Indian-American chemical engineer (born 1977)

Vikas Berry (born 1977 in Pune, India) is an Indian-American chemical engineer and entrepreneur. He is a professor and head of the Department of Chemical Engineering at the University of Illinois Chicago. His research focuses on the synthesis, chemical modification, scalable manufacturing and applications of two-dimensional materials such as graphene and graphene nanoribbons. He holds the Dr. Satish C. and Asha Saxena professorship at the University of Illinois Chicago, and previously held the William H. Honstead endowed professorship at Kansas State University from 2011 to 2014.

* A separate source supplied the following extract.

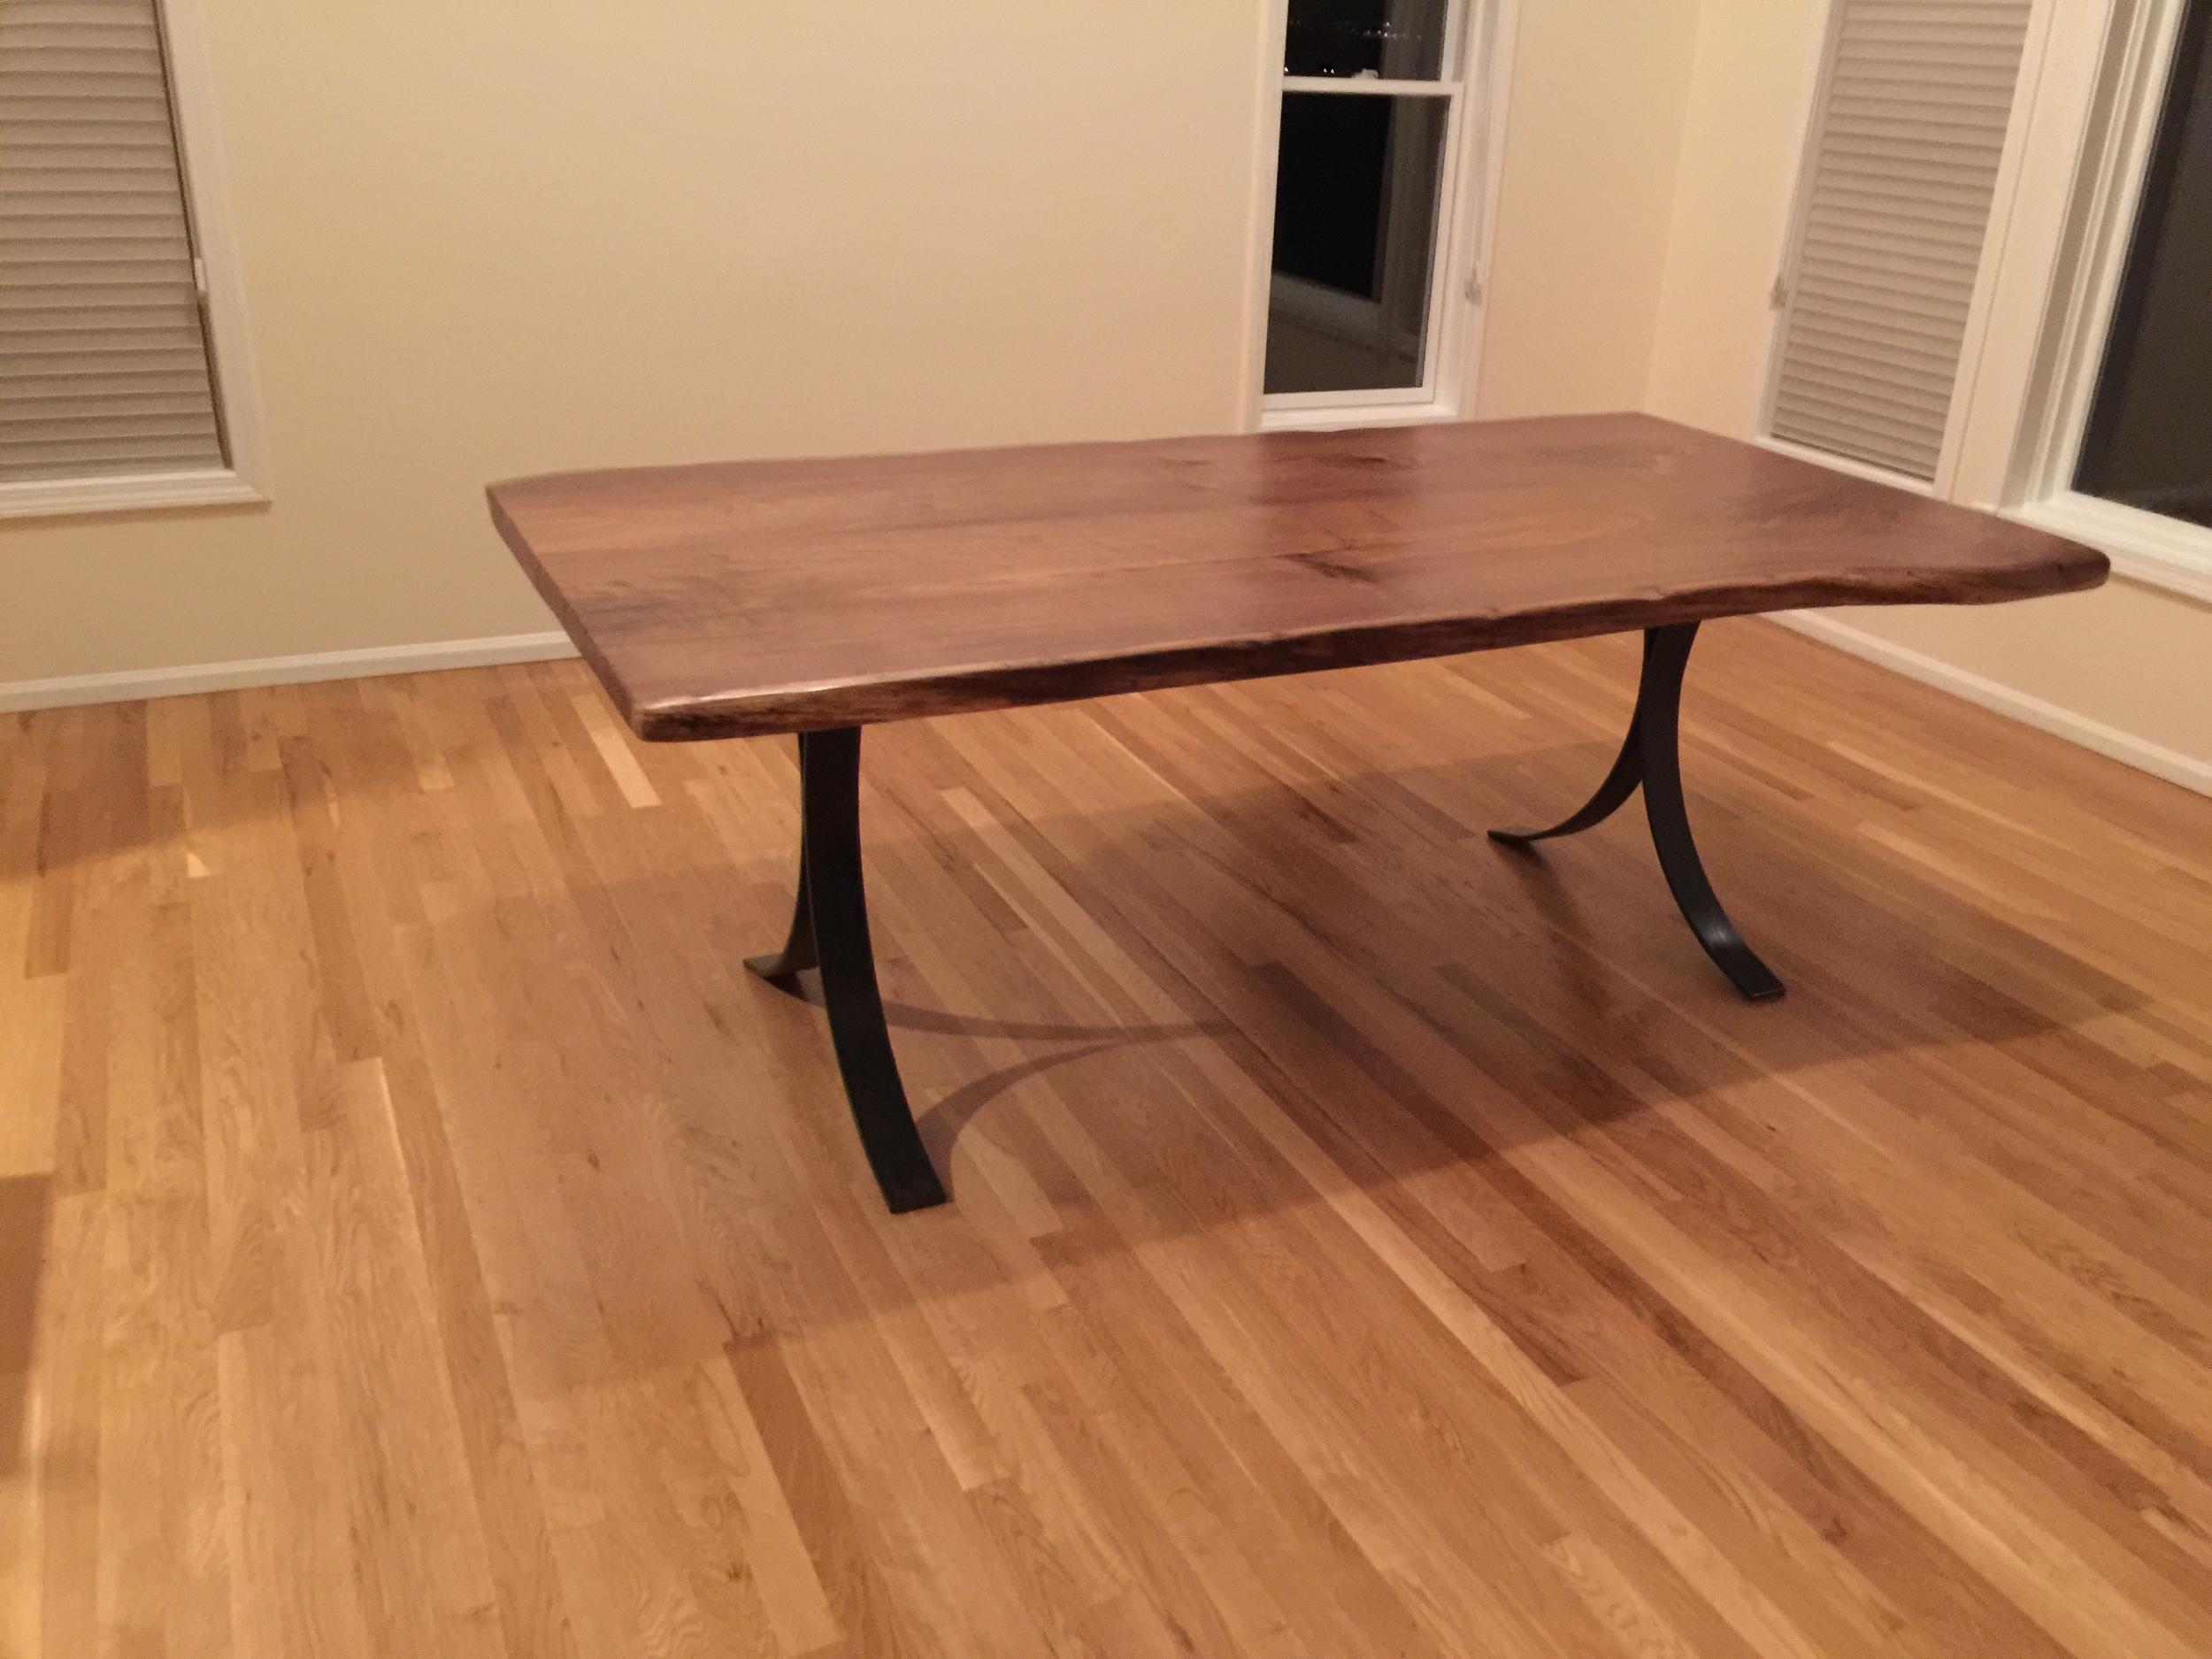 Subtle Edge Walnut Dining Table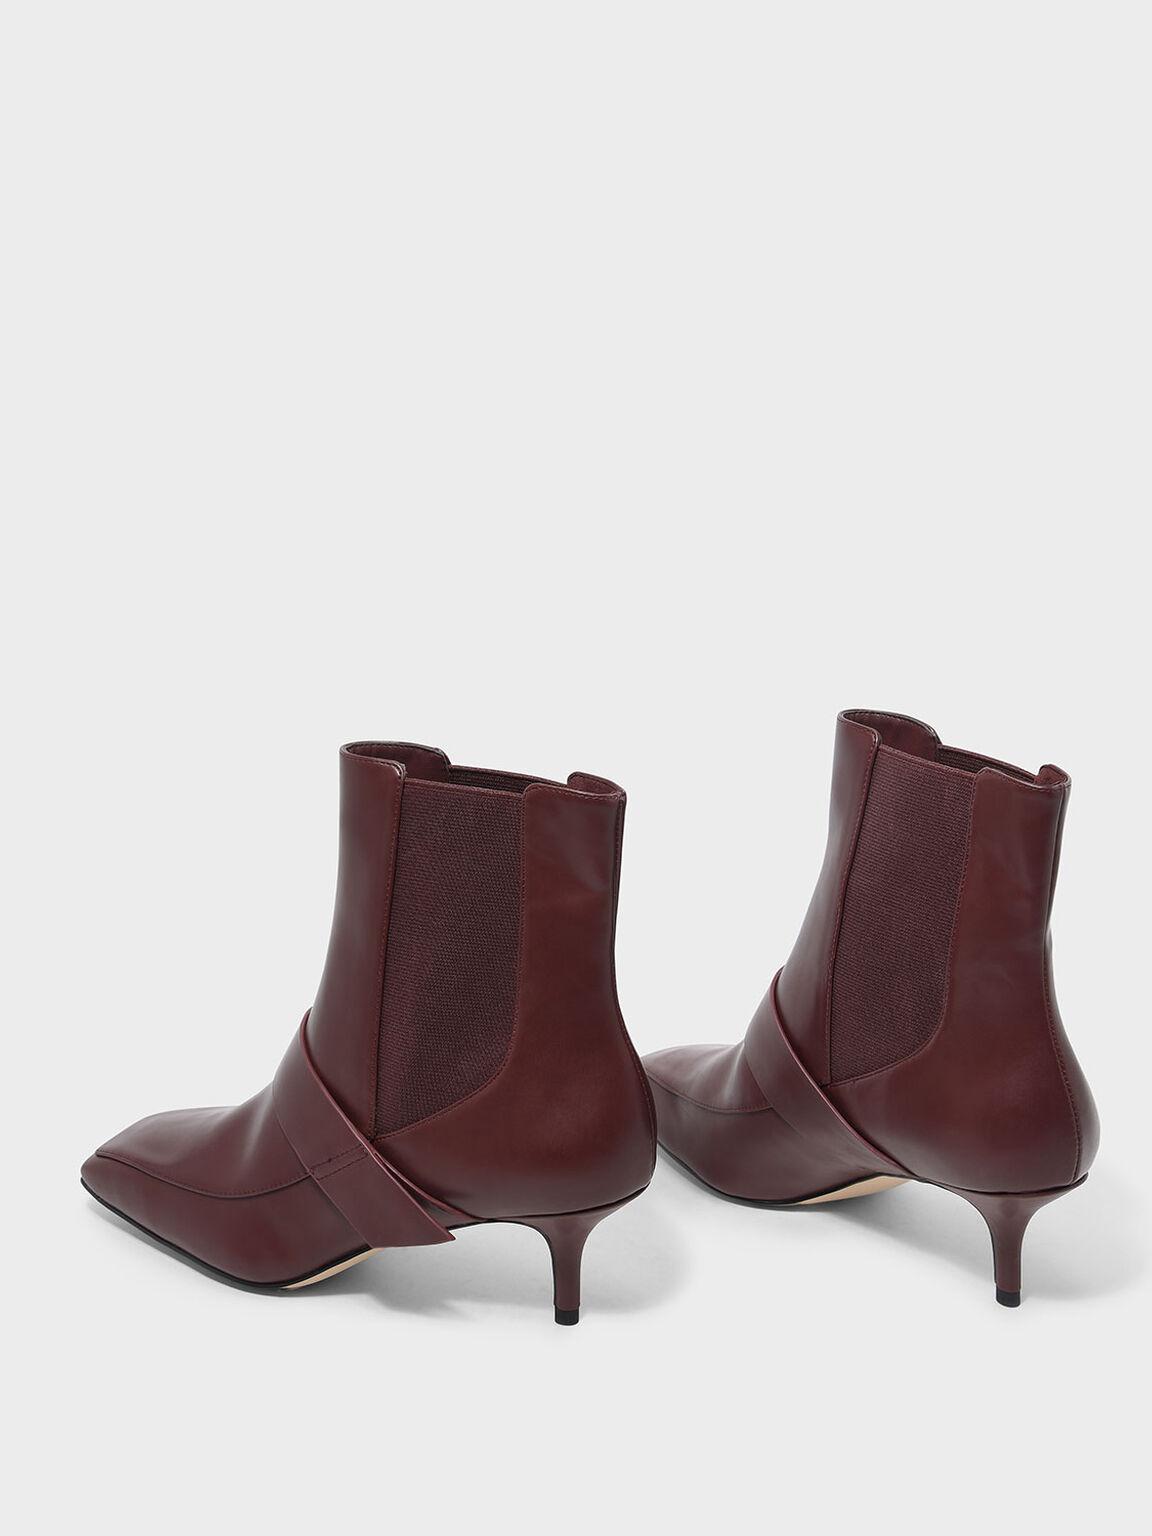 Square Toe Kitten Heel Boots, Burgundy, hi-res

==Background and education==
Berry grew up in New Delhi, India and graduated from TAPS-Delhi in 1995. He received his bachelor's degree in chemical engineering from the Indian Institute of Technology-Delhi in 1999. Then, after working with Cadila Pharmaceuticals, he continued his education with a master's degree from the University of Kansas in 2003, and a doctorate from Virginia Polytechnic Institute and State University in 2006.

== Research and entrepreneurship ==

Berry's research focuses on the synthesis, processing, and scalable manufacturing of graphene and other two-dimensional materials. He has developed methods for producing graphene quantum dots and graphene nanoribbons through structural transformation of graphite, a process referred to as graphite nanotomy. His work also includes direct chemical vapor deposition of graphene on dielectric substrates, integration of boron nitride sheets with graphene to form heterostructures, and the development of graphene-based sensing and electronic platforms.

Berry co-founded Grapherry and serves as its Chief Executive Officer. The company has reported collaborations with battery manufacturers to evaluate graphene for anode materials. Berry is the Chief Executive Officer of Argo Graphene Solutions Corp that licensed the STREAM technology developed by Grapherry.